This week the EUROFER report for 1Q 2024 was released

Buyers are not active on the HRC market, they said. Buyers have accumulated sufficient stocks, they said, explaining the pause in the market.

Indeed, there is a lull in the market globally until the end of the holidays in China. Everyone is waiting for the Chinese market to wake up, since the trend is not obvious.

But here is the first interesting thing. This week the EUROFER report for 1Q 2024 was released. First of all, their assessment of real consumption in 2023 is interesting, that decreased by 3.1%. In 2022 real consumption was at 147.7 million tons, according to the European Steel in Figures 2023 by EUROFER. It means that real consumption in 2023 was about 143 million tons. Of course, there could be revisions, but in general it’s something like this.

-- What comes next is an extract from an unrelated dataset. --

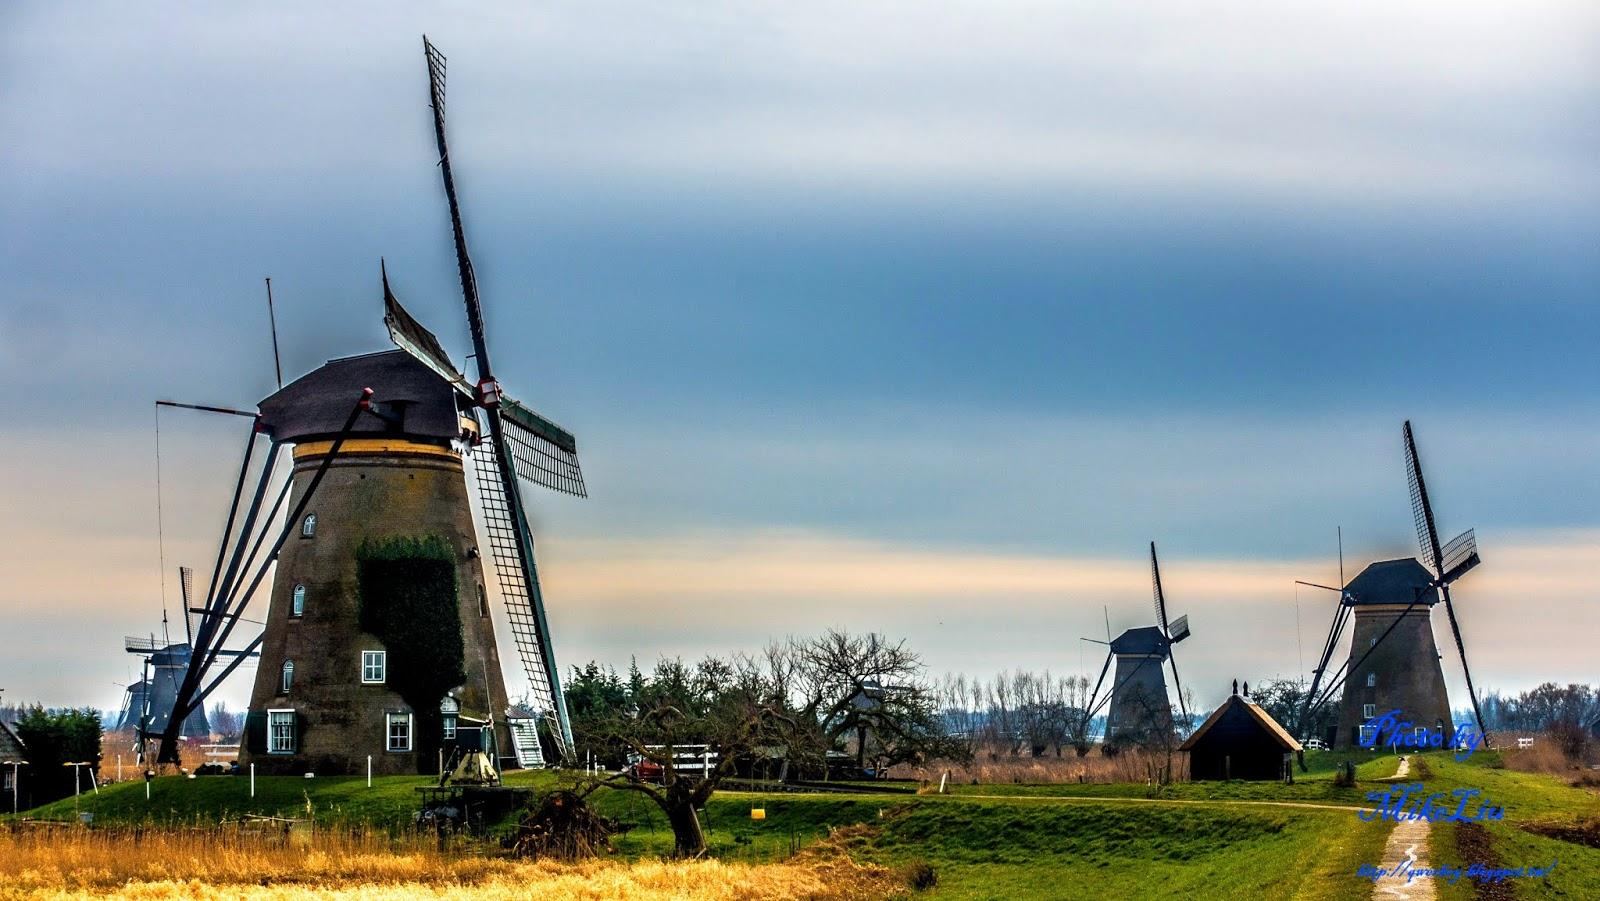 小孩堤防Kinderdijk*必去世界遺產景點 - 麥克愛旅行
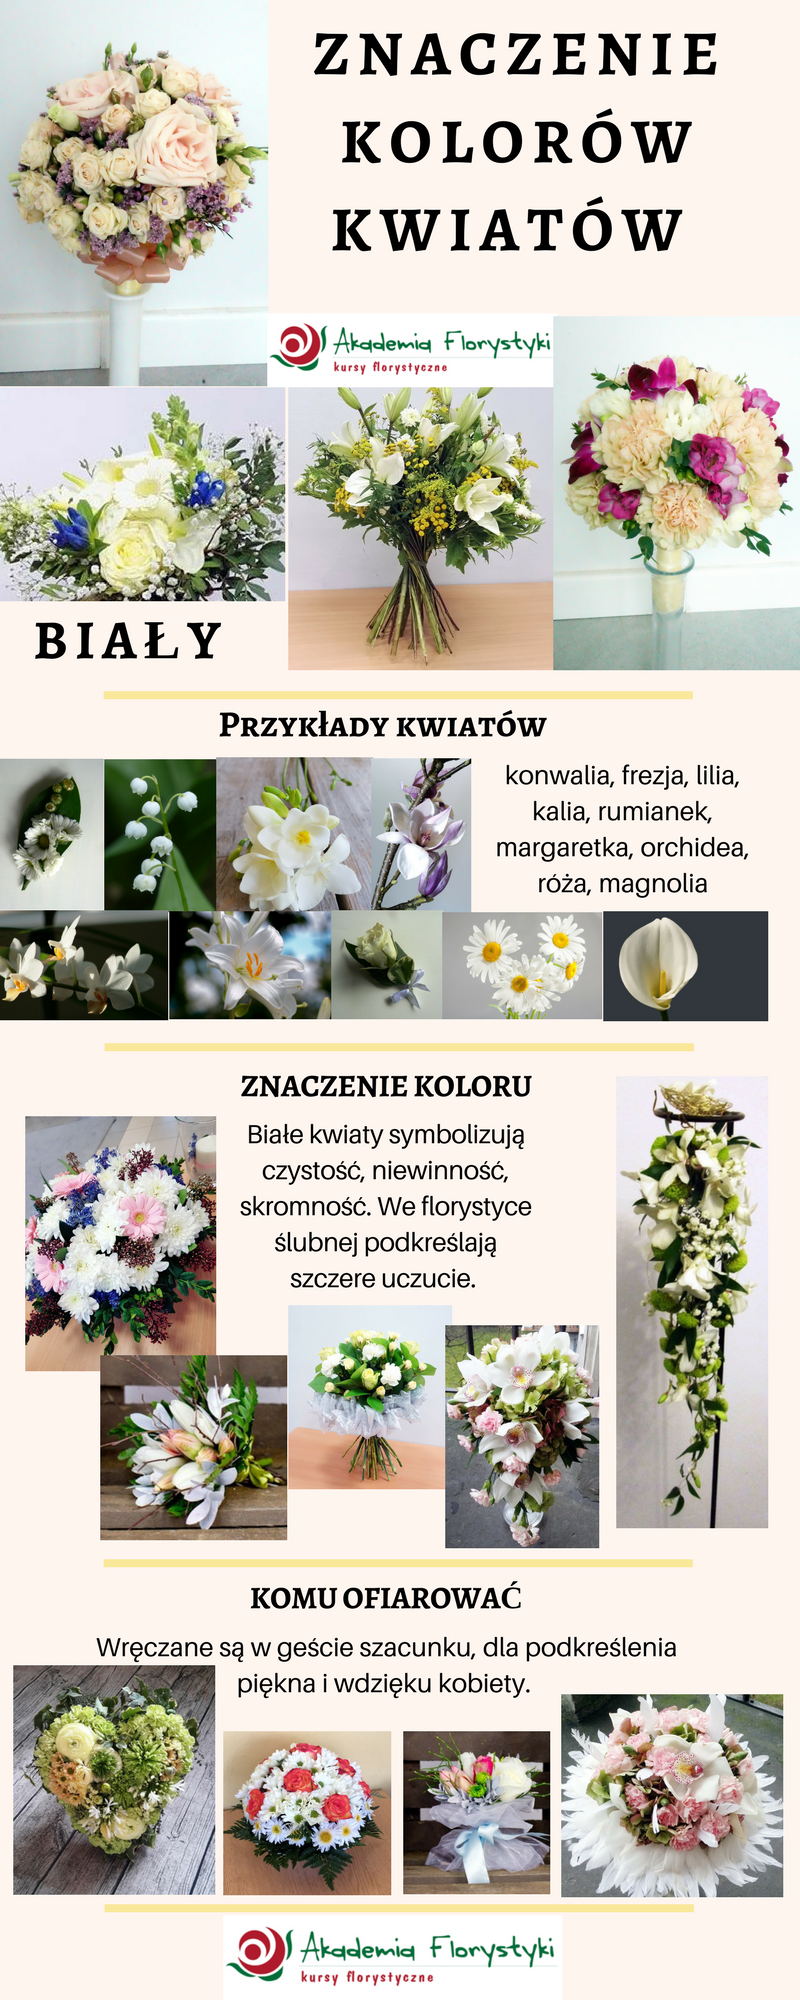 znaczenie kolorów kwiatów - kwiaty białe

Apparent consumption in 2023 according to EUROFER was 129 million tons. It means a gap of 14 million tons in 2023 between real and apparent consumption. And if you look at the dynamics of two years from 2022 to 2023, the gap amounted to 24 million tons. It`s really huge.

Our models have slightly different data, but the conclusions are the same.

Buyers’ stocks are empty. With such a gap, anything else is impossible. This was compounded by buying pressure in September-October, which swung the pendulum towards HRC price of 600 euros. And empty stocks swung the pendulum quickly towards 760 euros. When we hear about sufficient stocks of buyers this is not the case.

The second point. Economic sentiments in the EU has improved sharply since November and is now well above average. The economy is not falling, inflation is returning to the target range. The market is waiting for a reversal of ECB policy in the first half of the year. It will have a positive impact on the steel market and the growth of apparent consumption. By the way, ArcelorMittal also points out this in its 4Q report.

In 2022-2023, apparent consumption fell due to domestic steel production. And now for supply growth steelmakers need sufficient margins, in other words strong prices.

In addition, good economic sentiments suggest that real consumption, which was depressed in 2H 2023, will improve in Q1-2. It looks like we’ve passed bottom if black swans can be avoided.

Abilities of putting pressure on steelmakers has been exhausted and the potential for upward movement is much higher than the possible downward. Everyone is waiting for China to understand what the price of imports will be in May. But even a neutral scenario will be favorable for the European market.